Abdul Aziz

Personal information
- Full name: Abdul Aziz Durrani
- Born: 15 August 1905 Kabul, Emirate of Afghanistan
- Died: 1 January 1979 (aged 73)
- Nickname: Master Aziz
- Batting: Right-handed
- Role: Wicket-keeper
- Relations: Salim Durani (son)

Domestic team information
- 1932–1936: Sind
- 1936–1938: Nawanagar

Career statistics
| Competition | First-class |
| Matches | 19 |
| Runs scored | 394 |
| Batting average | 14.59 |
| 100s/50s | 0/3 |
| Top score | 89 |
| Catches/stumpings | 23/11 |
- Source: ESPNcricinfo, 10 September 2022

= Abdul Aziz Durrani =

Afghan-born Indian first-class cricketer (1905–1979)

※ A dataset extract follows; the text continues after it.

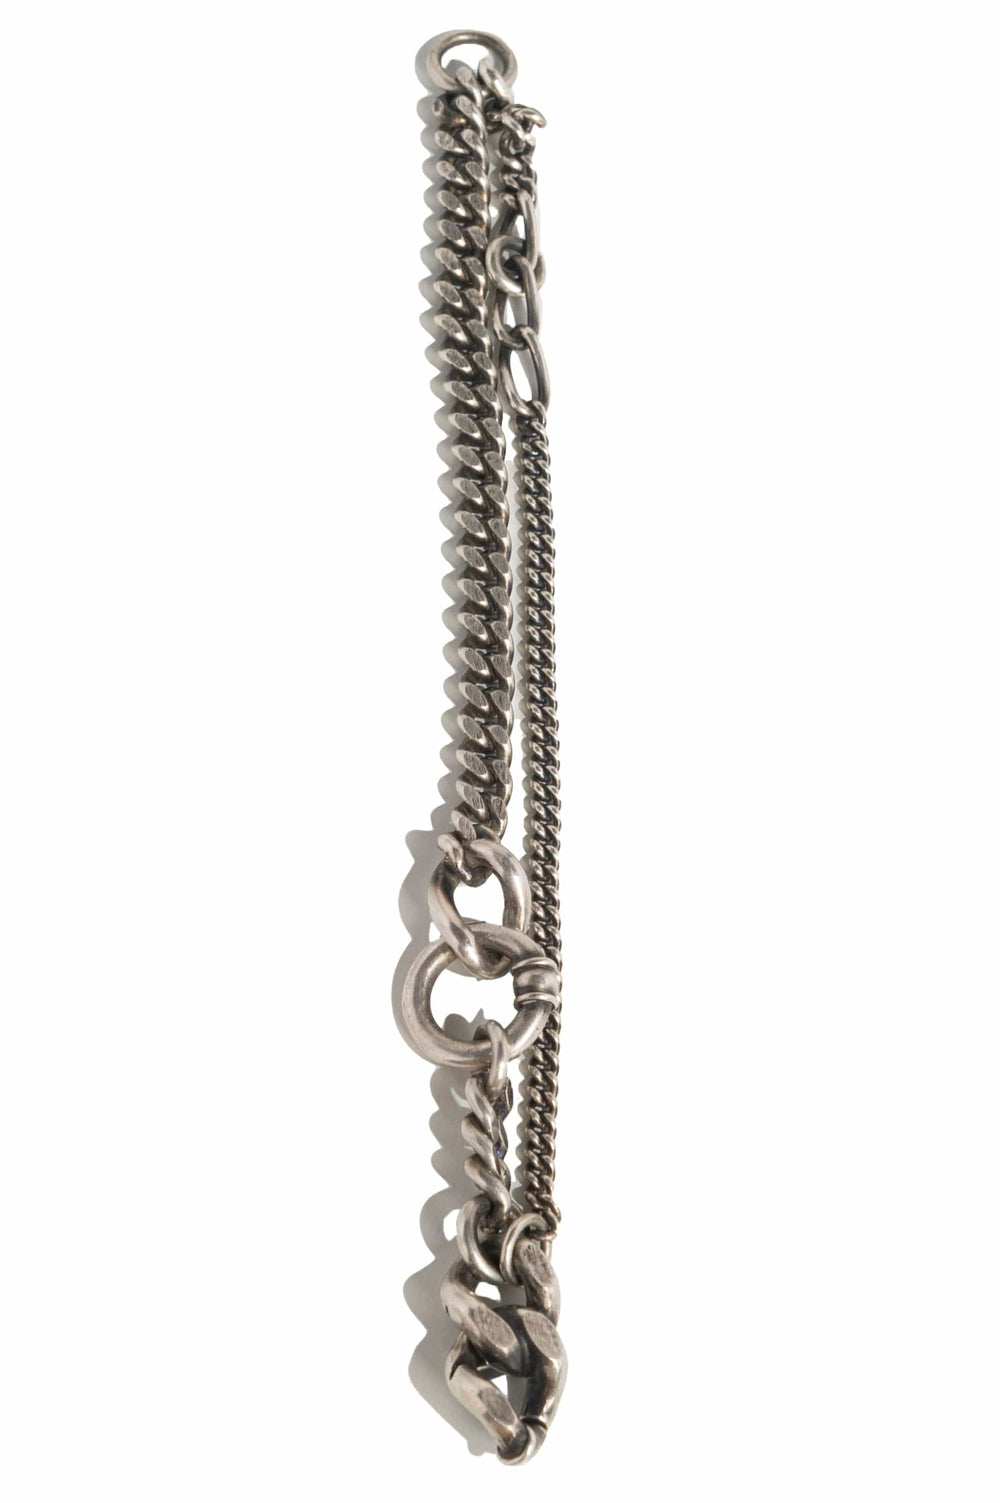 Werkstatt München – Bracelet Chains Two Lifestyle and Fashion Silver Antidote Ring

Abdul Aziz Durrani (15 August 1905 – 1 January 1979) was an Afghan-born Indian cricket coach and first-class cricketer. He played as a wicket-keeper and batsman for Sind and Nawanagar in the Ranji Trophy. He was the father of India Test cricketer Salim Durani.

== Career ==
News of Aziz's skills as a cricketer spread as he travelled to India from Afghanistan to play. He was a part of the Indian team that played two unofficial Tests against the visiting Australian side in 1935–36. After the passing of Jam Sahib Ranjitsinhji, his successor, in rebuilding the team, included Aziz in the Nawanagar team that played in the Ranji Trophy alongside bowlers such as Amar Singh, Mubarak Ali and Shute Banerjee. Impressed by his wicket-keeping and batting performances for Nawanagar in their tour of Karachi in 1935, he was offered a job as a sub-inspector by the then Jam Sahib Digvijaysinhji Ranjitsinhji, which was when the former's family settled in Jamnagar. With Nawanagar, Aziz won the third season of the Ranji Trophy, in 1936–37.

After India's partition in 1947, Aziz moved to Pakistan, while his family stayed in Jamnagar. In Pakistan, Aziz began his career as a coach, working in the Sindh Madrassah School in Karachi. Future Pakistan national cricketer Hanif Mohammad was his student there.